Another gemstone mineral with unique electrical properties is tourmaline. Tourmaline has both pyroelectric (electric potential when heated) and piezoelectric properties. Tourmaline has been used in pressure-sensitive gauges, beginning with submarine applications in the Second World War. It has also been discovered that tourmaline immersed in water has certain ion generating properties, and a number of patents have been filed for cosmetic and cleansing applications using tourmaline. The latest invention is the tourmaline hair dryer which is said to dry hair more quickly with less damage.

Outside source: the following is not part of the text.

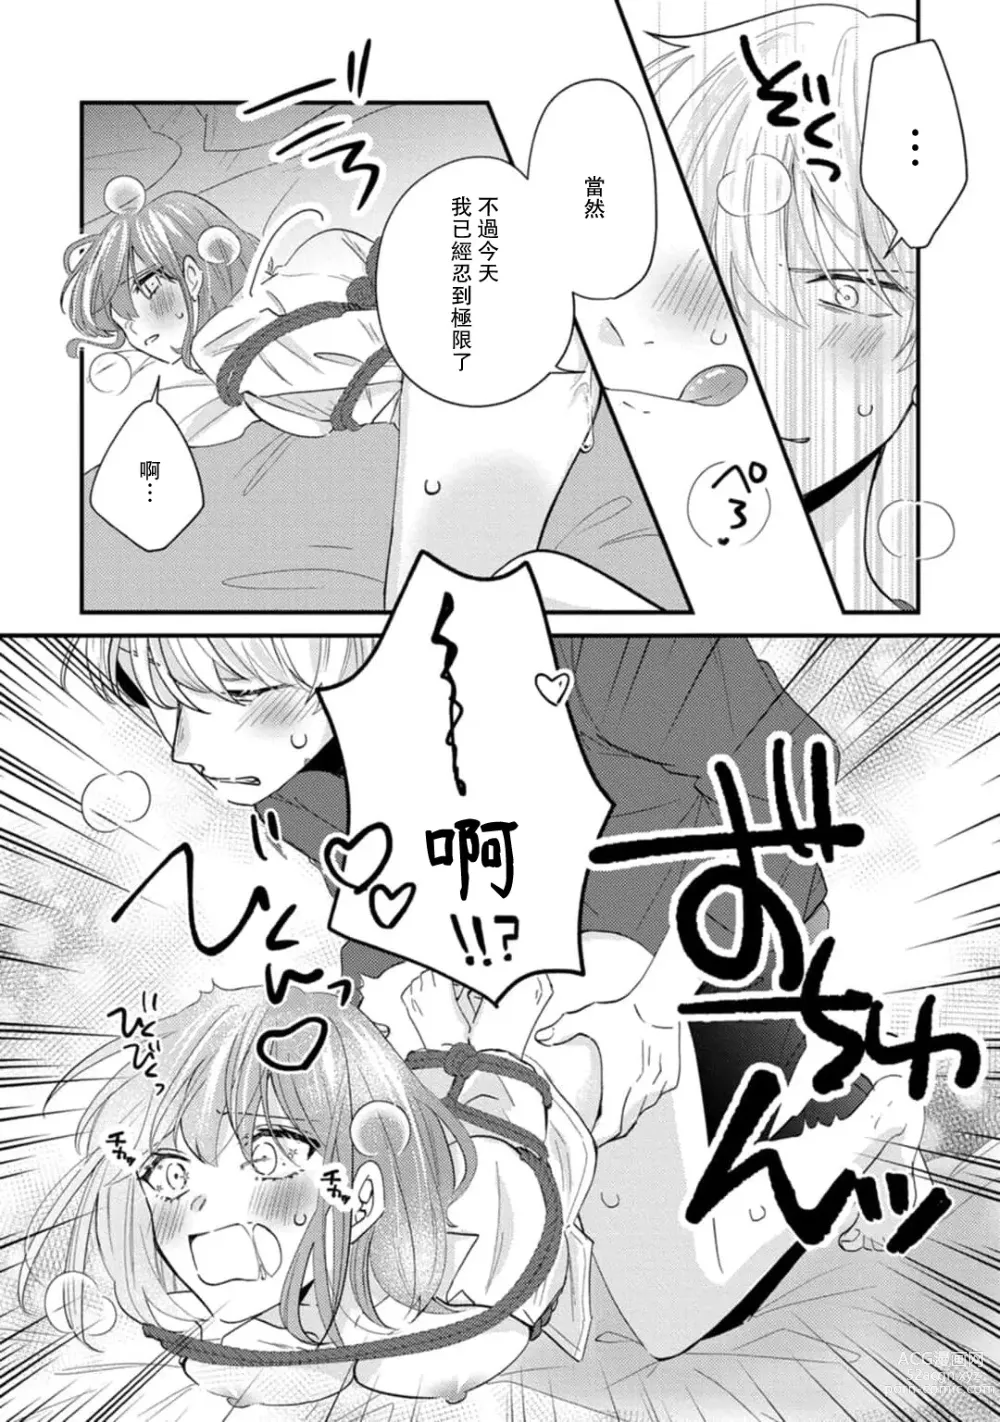 Page 153 of manga 冷酷绅士的性癖只对我泄露 1-5 end

In fact many gemstone materials have found industrial applications due to their special properties. Kyanite has been widely used in the manufacture of spark plugs, heating elements and high voltage electrical insulators, due to its high melting point and low thermal expansion. Fluorite has been used in place of glass in some high performance telescopes and camera lens. Sapphire crystals doped with titanium ions are used to produce tunable lasers that can produce ultrashort pulses.
New applications for gemstone materials continue to be found. This suggests that human understanding of the potential of these materials is still fragmentary. Certainly there is already good reason to think that many gemstones are rather special. But any claims for special healing powers need to be evaluated, like any scientific claim, by careful testing through controlled experiments.